MNST - Monster Beverage - Company Profile

Monster Beverage Corporation, through its subsidiaries, develops, markets, sells, and distributes energy drink beverages, soda, and its concentrates in the United States and internationally. It operates through three segments: Monster Energy Drinks, Strategic Brands, and Other. Its Monster Energy Drinks segment sells ready-to-drink packaged drinks and non-carbonated dairy based coffee energy drinks primarily to bottlers and full service beverage distributors, as well as sells directly to retail grocery and specialty chains, wholesalers, club stores, mass merchandisers, convenience chains, food service customers, and the military. The Strategic Brands segment sells concentrates and/or beverage bases to authorized bottling and canning operations; and ready-to-drink packaged energy drinks to bottlers and full service beverage distributors. It sells its products under the Monster Energy, Nalu, Monster Rehab, NOS, Monster Energy Extra Strength Nitrous Technology, Full Throttle, Java Monster, Burn, Muscle Monster, Mother, Mega Monster Energy, Ultra, Punch Monster, Play and Power Play, Juice Monster, Gladiator, Ubermonster, Relentless, Samurai, BU, and Mutant Super Soda brands. The company was formerly known as Hansen Natural Corporation and changed its name to Monster Beverage Corporation in January 2012. Company description from FinViz.com.

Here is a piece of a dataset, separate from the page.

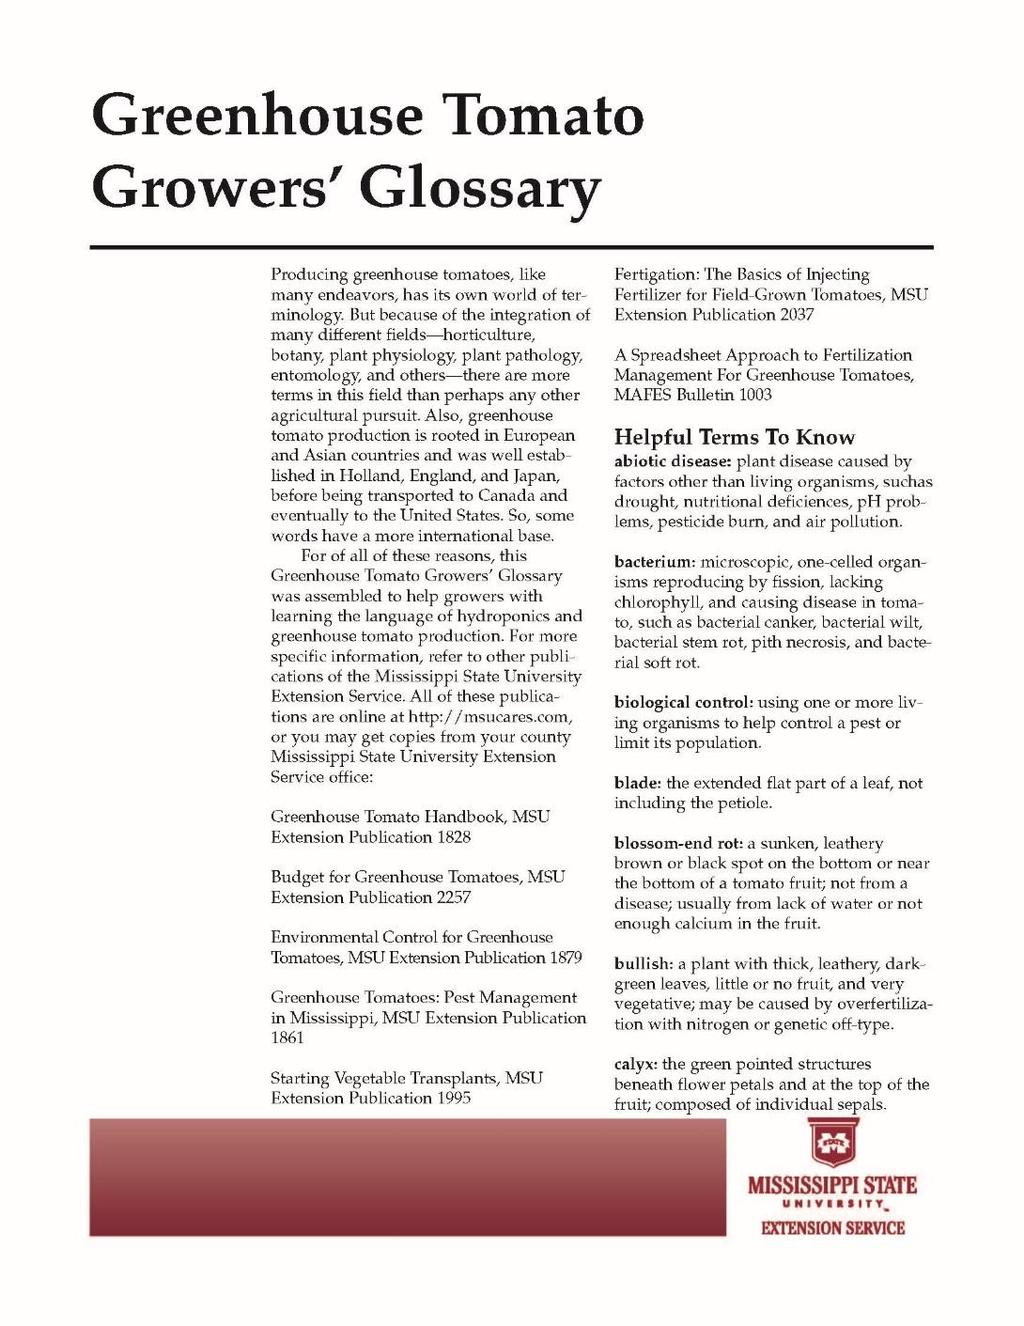 See the Greenhouse Tomato Growers Glossary Learn the terminology

Monster reported earnings of 33 cents that rose 26.9% and beat estimates by a penny. Revenue of $742.1 million rose 9.1% and beat estimates for $741.4 million. These numbers beat estimates despite a -$3.7 million hit from foreign currency translation. Net sales outside the U.S. rose 28% to $190.9 million. Sales of new products were so strong there was actually a shortage of product.

Earnings August 3rd.

Monster is doing great in a weak retail sector. This proves if you sell something habit forming you will always have a market.

They have multiple initiatives underway to increase global sales and they appear to be overcoming all the daily headaches that impact a retail distribution company. Gross profits rose from 62.2% to 64.8%.

For the last couple of years Monster has been transitioning their distribution into the Coca-Cola network. Coke took a major equity stake in Monster and part of the deal was that Coke would distribute the product globally. That is working out well and giving Monster a wider presence than they could have ever done on their own. Coke has an option to buy more Monster stock, or even the entire company. Given the slowdown in carbonated sugar drinks, Coke could be looking to exercise their option soon.

I am recommending two positions. The first is a Jan-2018 call that will get us through the rest of the year and capture any short-term gains. The second is a Jan-2019 LEAP call that could capture a run to a new high and/or acquisition by Coke. You can do one position or both.

Buy Jan 2018 $55 call, currently $2.65, initial stop loss $46.45.

Optional:

Buy Jan 2019 $55 call, currently $5.90, initial stop loss $46.45.

I will turn the 2019 call into a spread once the stock moves higher so we can widen our potential gains.